Accordingly, since the respondents had served no notice to complete, they would be entitled to terminate the contract only when: (i) it ceased to be equitable to grant specific performance to the appellant; (ii) which was probably the same date, the delay became such as to deprive the respondents of substantially the whole benefit that they were intended to have under the contract; or (iii) the appellant was in anticipatory breach by showing that it had no intention of carrying out the contract, or that it would only to do so in a manner substantially inconsistent with its contractual obligations, so as to deprive the respondents of substantially the whole benefit that they were intended to have under the contract.

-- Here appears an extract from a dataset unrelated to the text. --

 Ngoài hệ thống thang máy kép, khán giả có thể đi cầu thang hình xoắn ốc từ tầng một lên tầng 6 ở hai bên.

The appellant had not unreasonably delayed completion of the apartment by the time of the respondents’ March 2009 letter purporting to terminate the contract. On any footing, the appellant had not unreasonably delayed completion prior to February 2009. Completion of the contract had not been due until the expiry of a 10-day notice thereafter. Where the respondents were to receive a 125-year lease, a delay of one month, at most, between the earliest possible date for contractual completion and the respondents’ purported termination of the contract in March 2009 could not be said to have deprived them of a substantial part of the benefit of the contract, let alone substantially the whole of the benefit. Although the delay beyond the end of 2008 had caused the respondents to lose their 90% mortgage, without which it was impossible for them to finance the completion, the loss of the opportunity to secure a 90% mortgage had occurred before the contractual completion date, at a time when the delay in completing the construction of the apartment was not unreasonable. There was no evidence of any other prejudice to the respondents. Nor was there any question of the appellant being in anticipatory breach as at March 2008 since it was, throughout, attempting to complete the development and hold the respondents to the contract. It followed that the respondents were not entitled to terminate the contract by their letter of March 2009: Ampurius Nu Homes Holdings Ltd v Telford Homes (Creekside) Ltd [2013] EWCA Civ 577; [2013] PLSCS 117 applied.

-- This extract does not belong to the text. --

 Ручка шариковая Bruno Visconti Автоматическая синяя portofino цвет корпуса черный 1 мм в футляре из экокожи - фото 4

Even if a reasonable time had elapsed by September 2009, the judge had erred in holding that the appellant was in repudiatory breach by that date so as to justify the respondents in refusing to complete in accordance with the appellant’s notice to complete. The judge had not considered whether the delay by September 2009 had effectively deprived the respondents of substantially the whole benefit of the contract. Further, the respondents had not purported to accept any repudiatory breach by the appellant after March 2009; consequently, if the respondents were not entitled to terminate in March 2009, the contract always remained on foot until after the expiry of the notice to complete served by the appellant. Accordingly, the respondents were themselves in breach of contract by failing to complete in September 2009. The appellant was entitled to damages for that breach.

Stephen Howd (instructed by Chadwick Lawrence, of Wakefield) appeared for the appellant; the respondents appeared in person.